The reporter took the time to look up the meaning of the legal term he was dealing with and also contacted plaintiff, who, except for a brief statement, refused further comment or explanation at that time. We cannot reasonably expect an average newspaper reader to understand technical legal terms. Black’s Law Distionary defines “Trustee Ex Maleficio” as:

“A person who, being guilty of wrongful or fraudulent conduct, is held by equity to the duty and liability of a Trustee, in relation to the subject matter, *325to prevent him from profiting by his own wrong.”

The word “steal” has been defined in Black’s Law Dictionary as follows:

“This term is commonly used in indictments for larceny, (‘take, steal, and carry away’), and denotes a commission of theft, that is, the felonious taking and carrying away of the personal property of another, and without right and without leave or consent of owner ...”

Although we are well aware of technical legal distinctions between these two terms, the substitution of one term for the other in a newspaper cannot be said to be a reckless disregard for truth or falsity amounting to malice.

As the court said in Brophy v. Philadelphia Newspapers, Inc., supra., at page 633, when it granted summary judgment in favor of defendants:

“The record does not disclose sufficient evidence from which a jury could infer that appellees engaged in ‘highly unreasonable conduct constituting an extreme departure from the standards of investigation and reporting ordinarily adhered to by responsible publishers.’ . . . The reporter’s introduction to his article may have been couched in strong or possibly sensational terms but such hyperbole without more does not give rise to an inference of actual malice. See Greenbelt Cooperative Publishing Association, Inc. v. Bresler, 398 U.S. 6, 90 S.Ct. 1537, 26 L.Ed.2d 6 (1970). At the very most, the evidence supports a finding that appellees exercised bad judgment or were careless in preparing the article and its headline. As we noted earlier, mere negligence or inaccuracy cannot substitute for knowing falsehood or reckless conduct.”
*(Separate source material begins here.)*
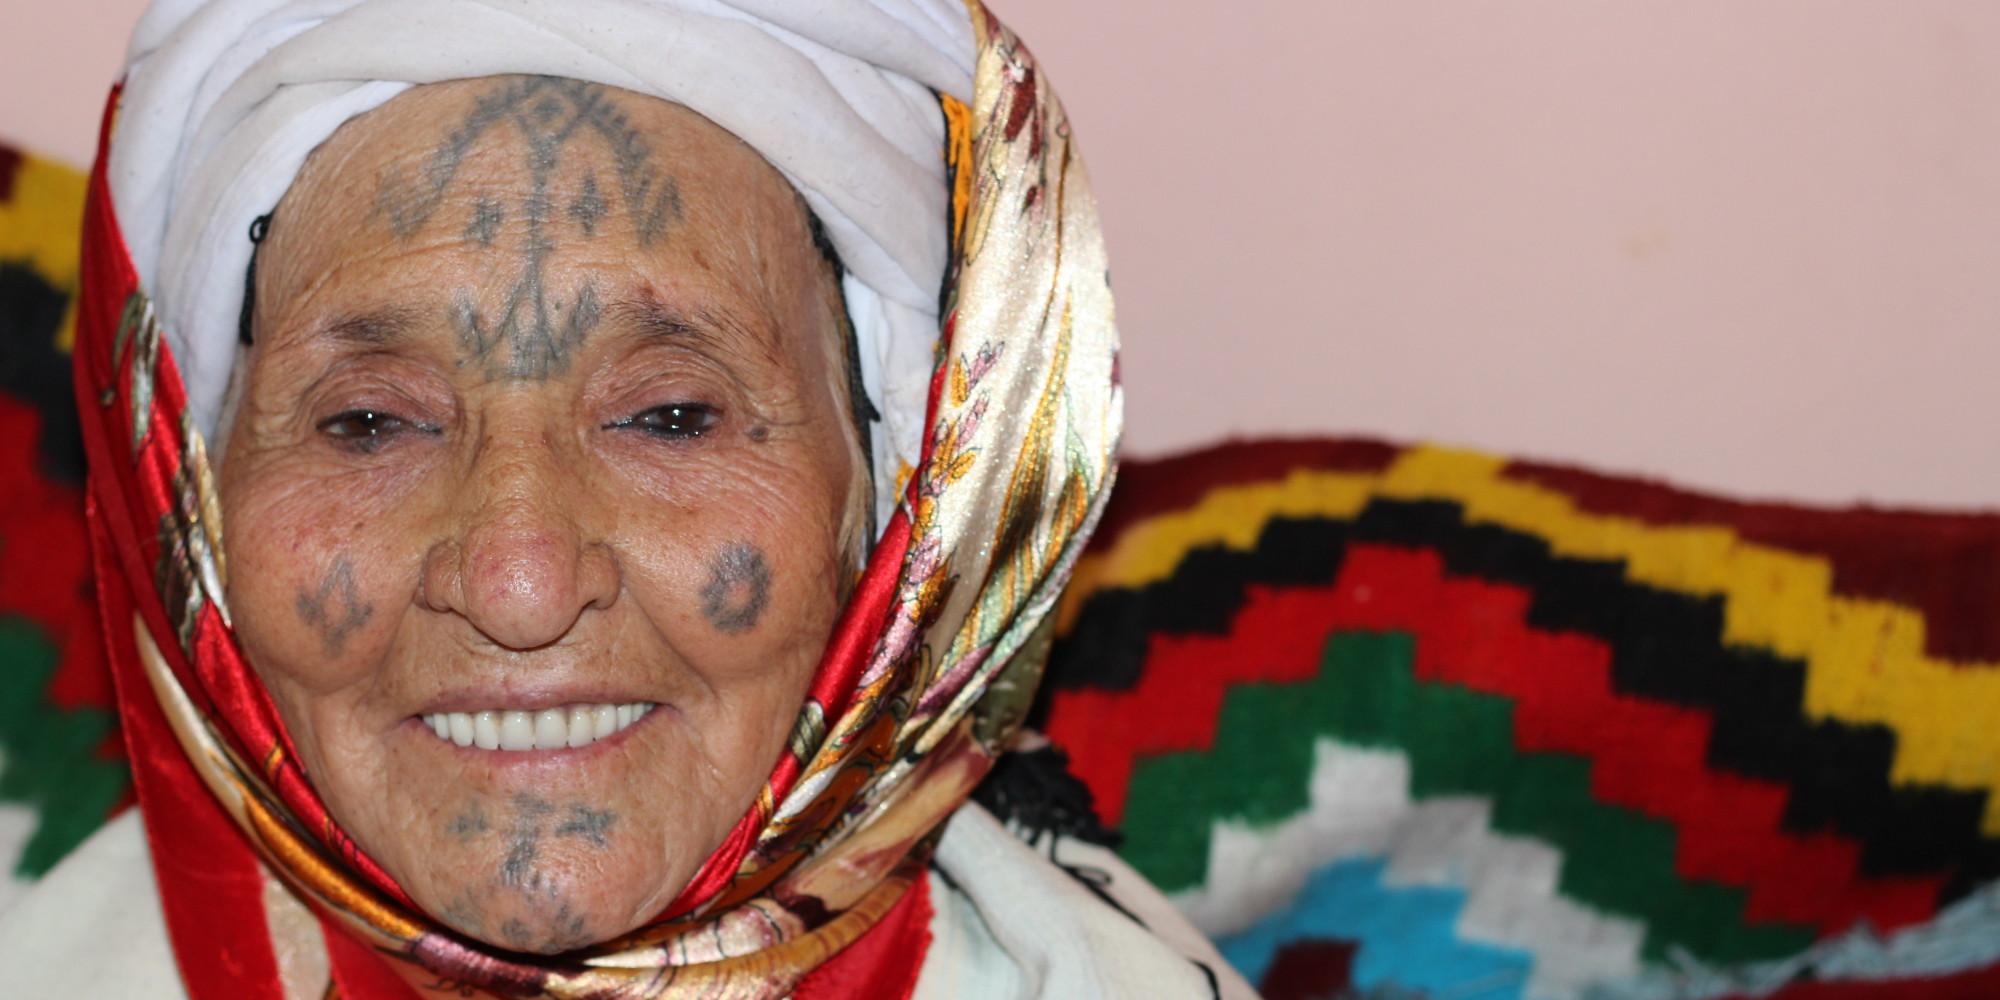 Cherche femme algerien au canada
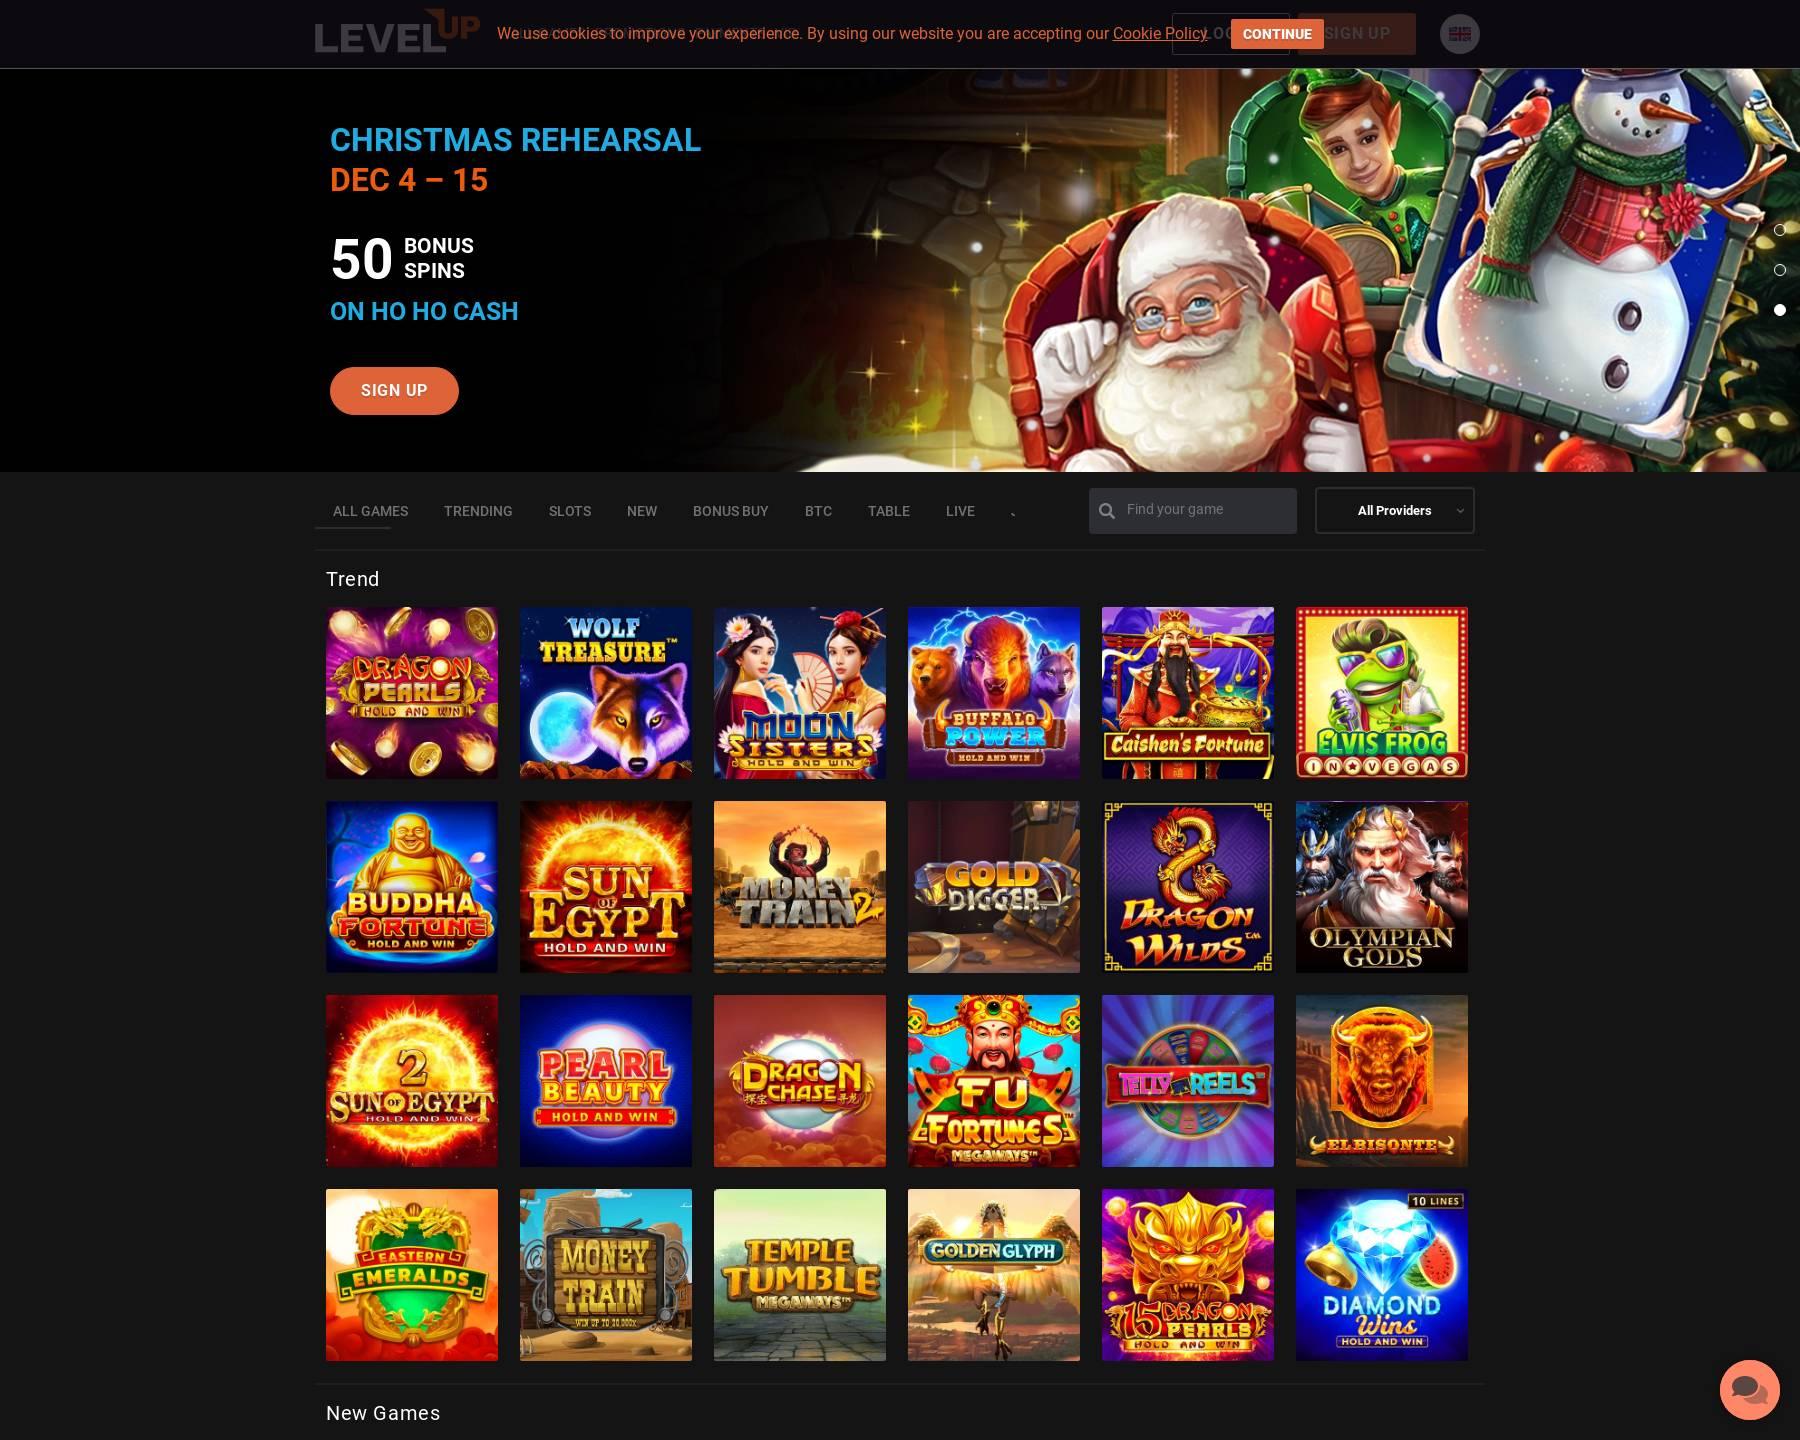 LevelUp Casino

The language of Brophy is equally applicable to the case at bar in which it is clear from the facts and plaintiff’s own admission that there was “no inten*326tion to harm him”, that no jury questions are presented. Accordingly, we conclude that the publication by defendants is protected by the First Amendment of the Constitution of the United States of America, and grant summary judgment in favor of defendants. In so doing, we need not decide whether the publication is also protected by defendants’ qualified privilege to report judicial proceedings,but we note in passing that it would appear that it is.2 Simply stated, if a newspaper cannot inform the public of serious matters involving those seeking public office, then what exactly have we been fighting to defend for the last 200 years.

Wherefore, we enter the following

ORDER OF COURT

And now, this October 24, 1984, defendants’ motions for summary judgment are hereby granted and judgment is entered in favor of defendants Easton Publishing Co. and Nicholas G. Katsarelas.

. The deposition of plaintiff Ronald L. Angle taken November 9, 1983, the deposition of defendant Nicholas G. Katsarelas taken March 27, 1984, and depositions of two attorneys, Karl F. Longenbach and George A. Heitczman, taken July 13, 1984.

. See for instance, Binder v. Triangle Publications, 422 Pa. 319, 275 A.2d 53 (1971).